Als „Inszenierung, um eine umfassende Aufklärung des Verhaltens der vier Steuerbeamten zu verhindern“, bezeichnete der Obmann der CDU im UNA 18/1, Peter Beuth, die heutige Klageankündigung von SPD und Grünen. „Mit der Klage gegen den Erweiterungsantrag von CDU und FDP soll offenbar verhindert werden, dass der Ausschuss und die Öffentlichkeit ein umfassendes Bild über die Umstände der Inruhestandsversetzung der vier ehemaligen Steuerbeamten erhalten. Bis zum heutigen Tage ist durch SPD und Grüne ausschließlich ein Beweisantrag zur Vernehmung der vier ehemaligen Steuerbeamten und des ehemaligen Sachgebietsleiters vorgelegt worden. Damit sei klar, dass es SPD und Grünen von Anfang an nur darauf angekommen ist, den vier ehemaligen Steuerbeamten eine Bühne zu verschaffen, damit diese ihre unhaltbaren Vorwürfen öffentlich wiederholen könnten“, so Beuth. Dies stehe dem Auftrag des Untersuchungsausschusses entgegen. Das Bundesverfassungsgericht habe schon 1978 entschieden, dass Zusatzfragen auch gegen den Willen der Minderheit zulässig seien, wenn der Ausschuss den Sachverhalt von vornherein nur unter einem eingeengten Blickwinkel untersucht und damit dem Parlament – und auch der Öffentlichkeit – allenfalls eine verzerrte Darstellung vermitteln kann.

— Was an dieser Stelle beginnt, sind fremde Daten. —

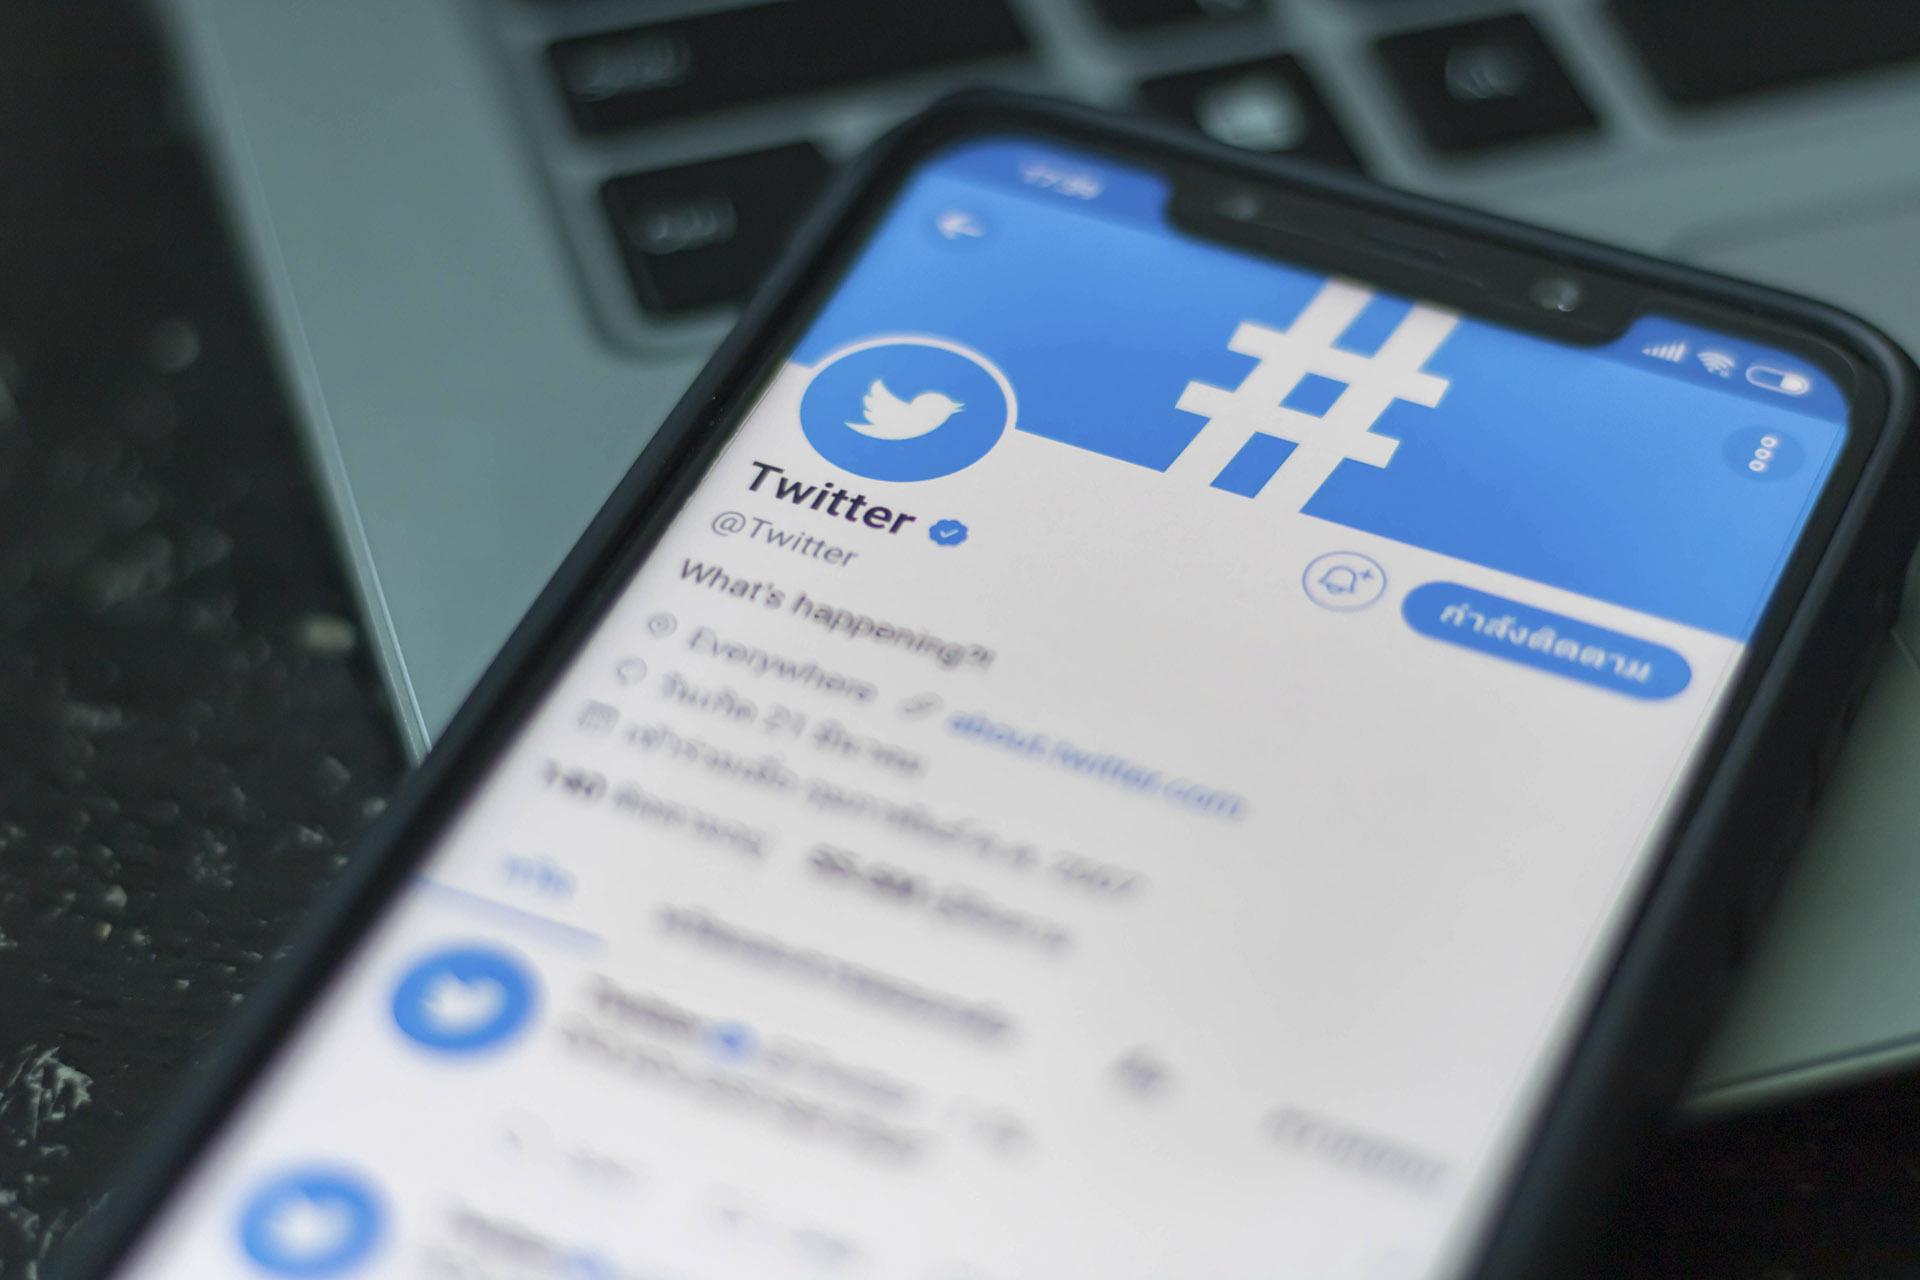 Oroszország lelassította a Twitter-forgalmát, a tiltott tartalmakra hivatkoznak

„CDU und FDP haben von Anfang an darauf hingewirkt, dass der Ausschuss sich mit einer grundlegenden Aufarbeitung aller Aspekte der Inruhestandsversetzung der vier Beamten beschäftigen kann“, betonte Beuth. Dieses beinhalte die Fragen der von den vier Betroffenen von Anfang an angegriffenen Amtsverfügung ebenso wie die weiteren organisatorischen Maßnahmen innerhalb der Finanzverwaltung, mit denen die vier ihr weiteres Vorgehen immer wieder in der Öffentlichkeit zu rechtfertigen versucht hätten. Dazu gehöre letztlich auch die Frage, ob Abgeordnete Einfluss auf die vier ehemaligen Steuerbeamten ausgeübt hätten, damit diese zur Ermöglichung des Untersuchungsausschusses auf eine Klage gegen das Land verzichten. Befremdlich sei, dass die vier Betroffenen jetzt sogar ihre Vernehmung vor dem Ausschuss von Bedingungen abhängig machten, während SPD und Grüne „lauthals ihre schnelle Vernehmung“ forderten. Auch dieses stehe einer zügigen Arbeit des Untersuchungsausschusses entgegen.

„SPD und Grüne haben seit der Einsetzung des Untersuchungsausschusses im Januar 2010 über vier Monate Zeit gehabt, sich mit der Rechtmäßigkeit der Erweiterung des Untersuchungsgegenstandes zu beschäftigen. Dass sie erst jetzt und ohne Vorlage eines Schriftsatzes eine unklare Klage ankündigen, wirft erneut ein bezeichnendes Licht auf das Aufklärungsinteresse dieser beiden Fraktionen“, erklärte Beuth. Nun müsse darüber nachgedacht werden, ob der Eintritt in die Zeugenvernehmung während eines laufenden Staatsgerichtshofsverfahrens sinnvoll sei.